All the assorted religious movements in christianity are prefigured in the heresies of the early centuries. The Donatists are a little like Fred Phelps ... one taste of hell and you burn forever.

Thursday, January 08, 2009

Spurts

Who cares who wins the Bowl Championship Series especially when it is between Florida and Oklahoma? But I picked OK, and I think I am going to lose.

When I don't care, I tend to pick the cuter QB ... and for me that is Sam Bradford. Face like a horse, but what legs! Tim Tebow, of Florida fame, is your classic brick shithouse, and more annoyingly, he is some kind of big-time christian. Hanging out in leper colonies, fer chrissake ... and they got to rambling on about what a good guy he is. The cynic looks for a bridge under which to hide.

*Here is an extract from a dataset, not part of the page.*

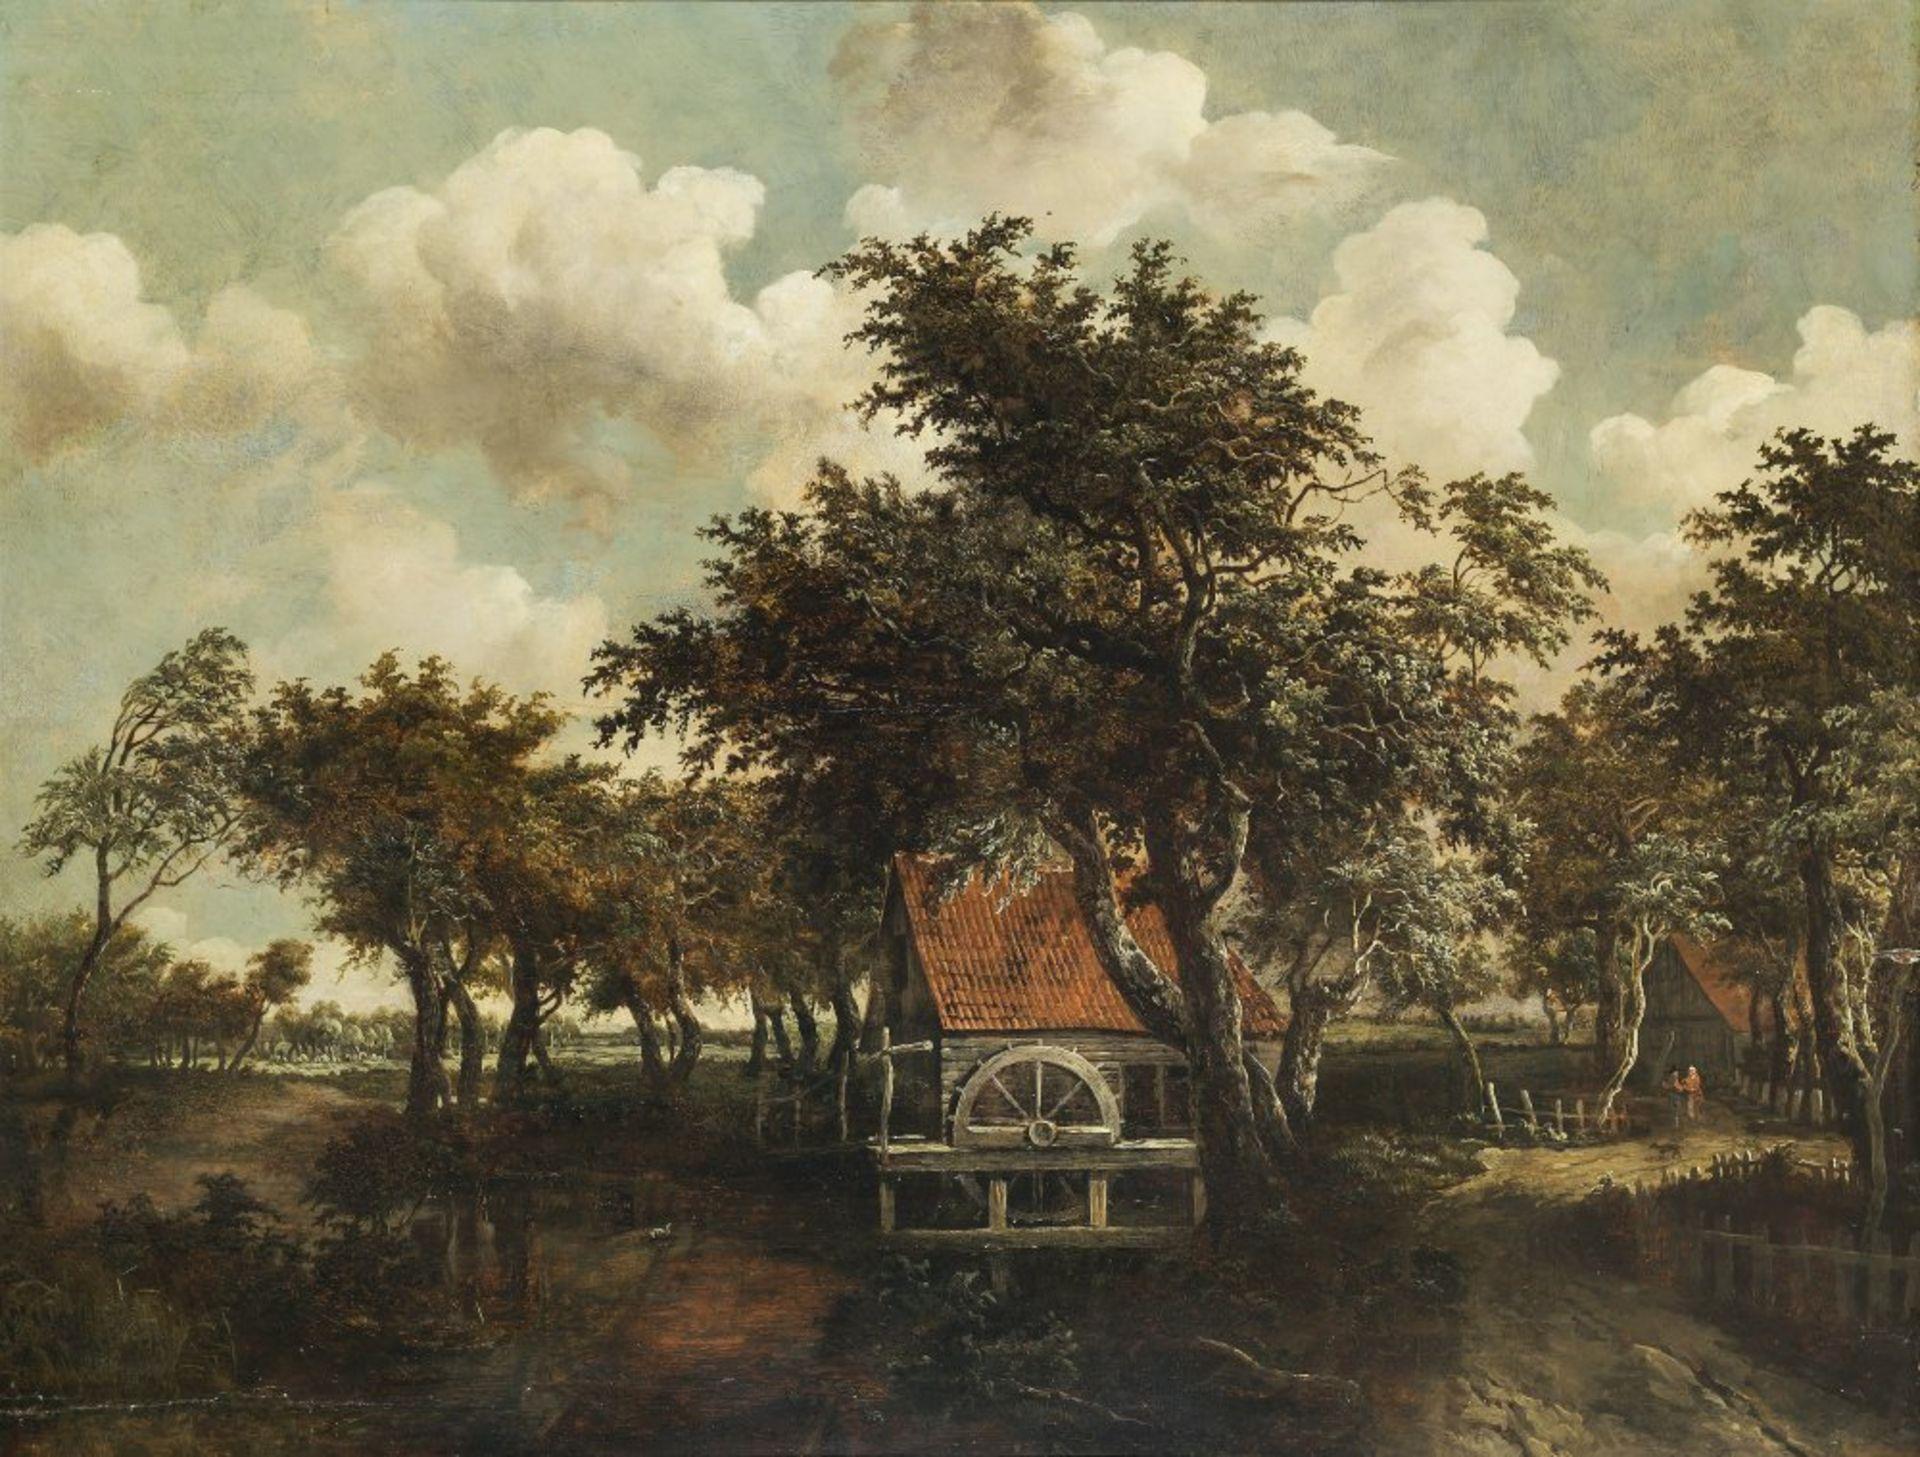 Hobbema, Meindert, zugeschriebenMühle im Eichenhain. Öl/Holz. 58 x 80 cm. Besch., rest. Unsign.

Sometimes I pick teams based on who their state voted for in the last Presidential election. That ought to mean Florida. But something sticks in the craw. Florida has it too good ... beaches, sun, rum, Cubans ... something has to stink, and at least that could be sports. But, nooooo!

Sports is like religion ... it makes no sense, and it has no meaning other than what you assign to it. This was a crappy game ... made the worse by way of the annoying announcing of whosits ... can't think of his name. But I end up caring. Kind of like a wandering Jew looking for a synagogue and finding ten morons. Oh well, he gasps, at least it's a minyan.

Does that make sense?

No. Nor does sports. But at least I am a sports fan and not some kind of religious maniac.

BTW, Florida won ... and they deserved to win because they rose at all the key moments. But I'm bummed, and I still think Bradford is hot. Time to feed my fish. Will I remember this in the morning? I hope not.

(Rech! Tebow has "John 3:16" written on the black under his eyes as he thanks Jesus Christ in the post game interview. As if Jesus would care when he has the apparently now even bigger black hole at the center of the Milky Way to think about. I need another martini.)

Wednesday, January 07, 2009

Anne of Green Gables

I just cannot get a "write" on. Back to work this week after three weeks off, and the mind reels from idea to idea.

Just watched 15 minutes of an episode of Anne of Green Gables and even sort of enjoyed it. Right now, the boob tube has some local show of a fat, happy guy from Monterey who is in France with some truffle hunters. What is wrong with me?

Reading Peter Brown's The Rise of Western Christendom ... a most rounded explanation of the period from 200 - 1000.

I tried to write something about New Year's Day and resolutions ... but it was tawdry and pointless. I promise to be a nicer person, to accept demographic change with more grace (i.e.m reduce my grousing about yuppie scum in the neighborhood by 50%), and to try to take a night off from drinking alcohol once a week. Or maybe not.

I am looking forward to Obama's inauguration. I still cannot let go of the Rick Warren betrayal. But I like the Panetta and Gupta appointments. I don't believe Richardson, even though I don't really think he is corrupt.

I think Thomas Friedman forgets roughly 1200 years of Arab history when he writes "The struggle for hegemony over the modern Arab world is as old as Nasser’s Egypt. But what is new today is that non-Arab Iran is now making a bid for primacy — challenging Egypt and Saudi Arabia." Otherwise, I pretty much agree with today's column.

The Warriors are losing to the Lakers. Yawn. I hope the Giants do not sign Manny.

This is what ennui feels like ... and I have no reason whatsoever in gawd's green earth to feel ennui. Except that Christmas is over and reality is back. I promise to get over myself shortly. Really.